We have no idea how long we’ll have to wait for that new Sleater-Kinney album produced by St. Vincent, and that sucks. But there’s another all-female trio with a knack for big guitar hooks that has new music out now: Northampton punks Potty Mouth, who returned this week after a long hiatus—it’s been three years since their last single, “Smash Hit,” and six since their debut LP, Hell Bent—with news of their second album, SNAFU, due out on March 1. The announcement was accompanied by lead single “22,” a tongue-in-cheek track about dreading your 22nd birthday; “The magic is gone and I’m all that’s left / There’s nothing new about 22,” lead vocalist Abby Weems sings.
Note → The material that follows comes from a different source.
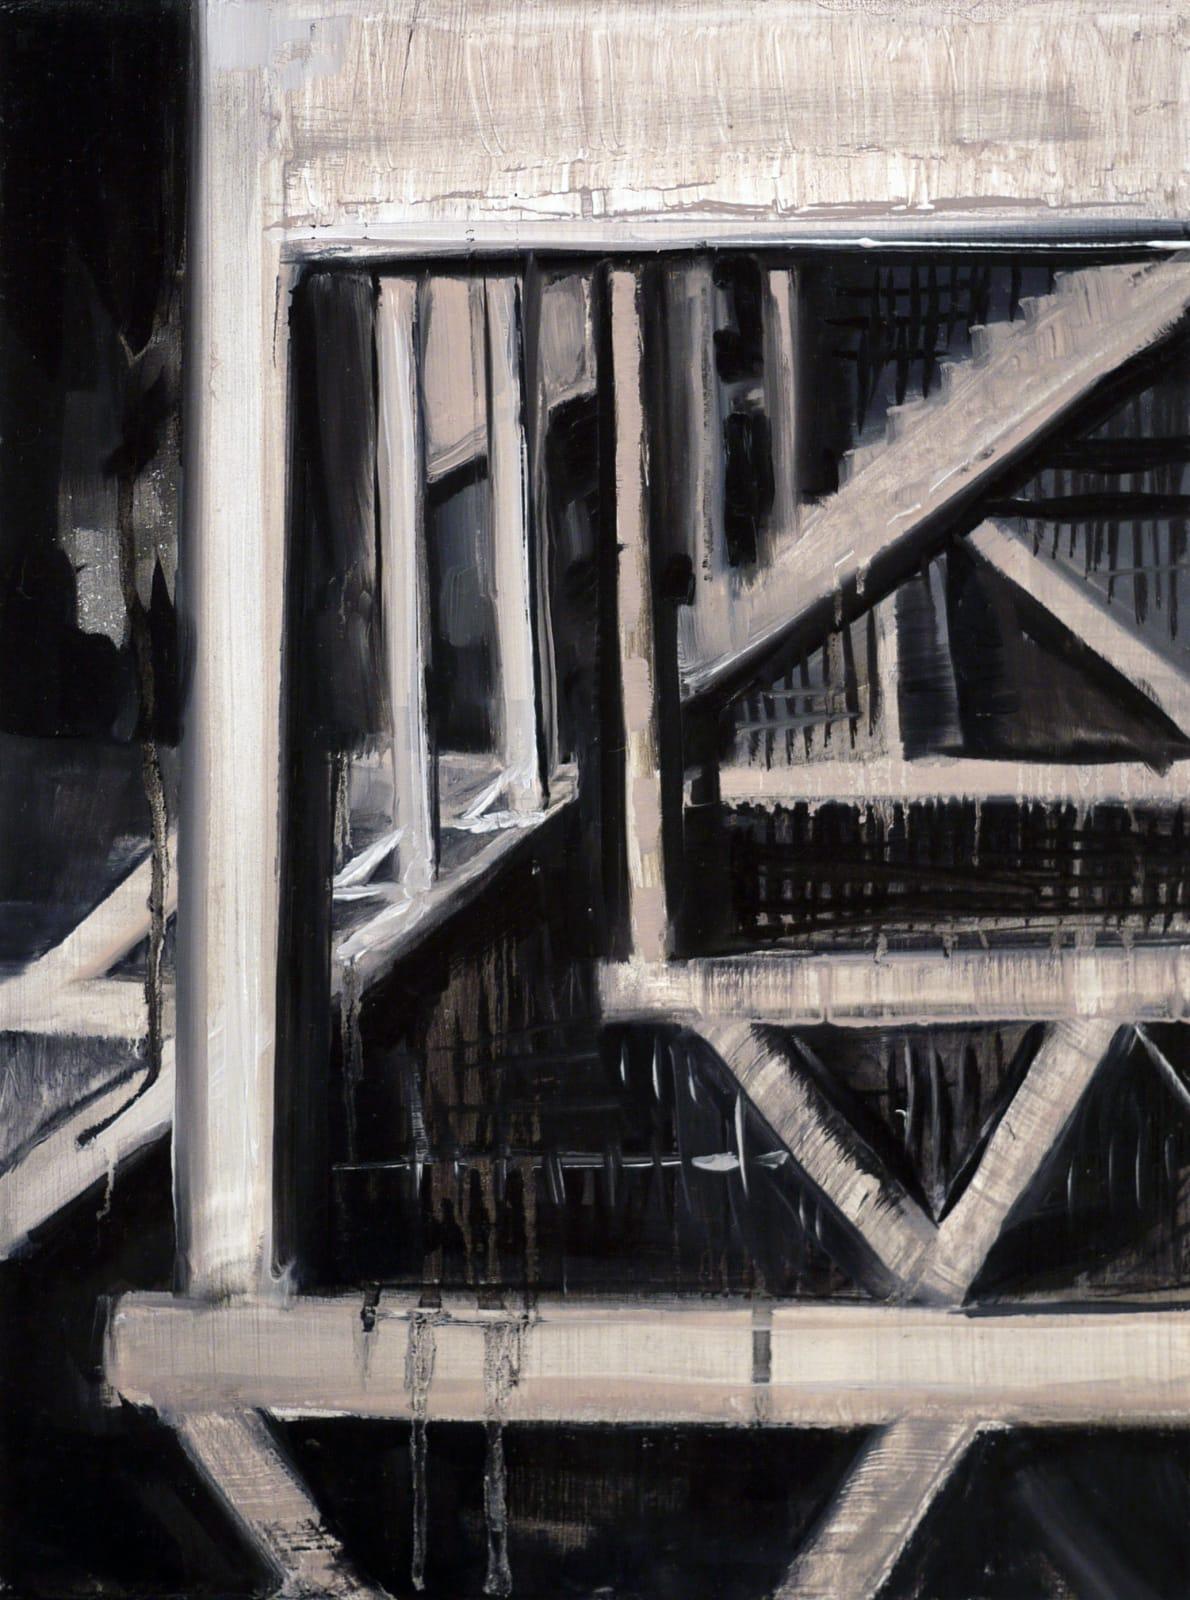 Elizabeth Schwaiger, Scaffolding II, 2015

Potty Mouth has always leaned toward the pop-punk side, but the cleaned-up production on “22” really highlights how tight the interplay between Weems and her band mates has become in the half-decade since their debut, for a vigorous, propulsive sound that can make even the over-30 set feel 22 again. [Katie Rife]

Krallice, Wolf

[Self-released, January 9]

For a band that’s covered as much ground as Krallice has over the past decade, it’s telling that Wolf is an EP of firsts. Not only is it the first release to feature no vocals from guitarist Mick Barr, but also it’s the first time Krallice’s other guitarist, and de facto producer, Colin Marston does sing on a record. It’s also the band’s shortest release ever, boasting the shortest song it’s ever written, at 15 seconds. But Wolf doesn’t suffer from this brevity. These five tracks are a perfect distillation of all Krallice has done over the course of its career, as “Wolf” and “The Mound” mix black metal, death metal, and prog without ever getting lost along the way. In typical fashion, Krallice released Wolf with little advance notice, and while the band’s last surprise drop yielded two full-lengths exploring different facets of its sound, Wolf is the first Krallice album that’s easy to put on repeat. [David Anthony]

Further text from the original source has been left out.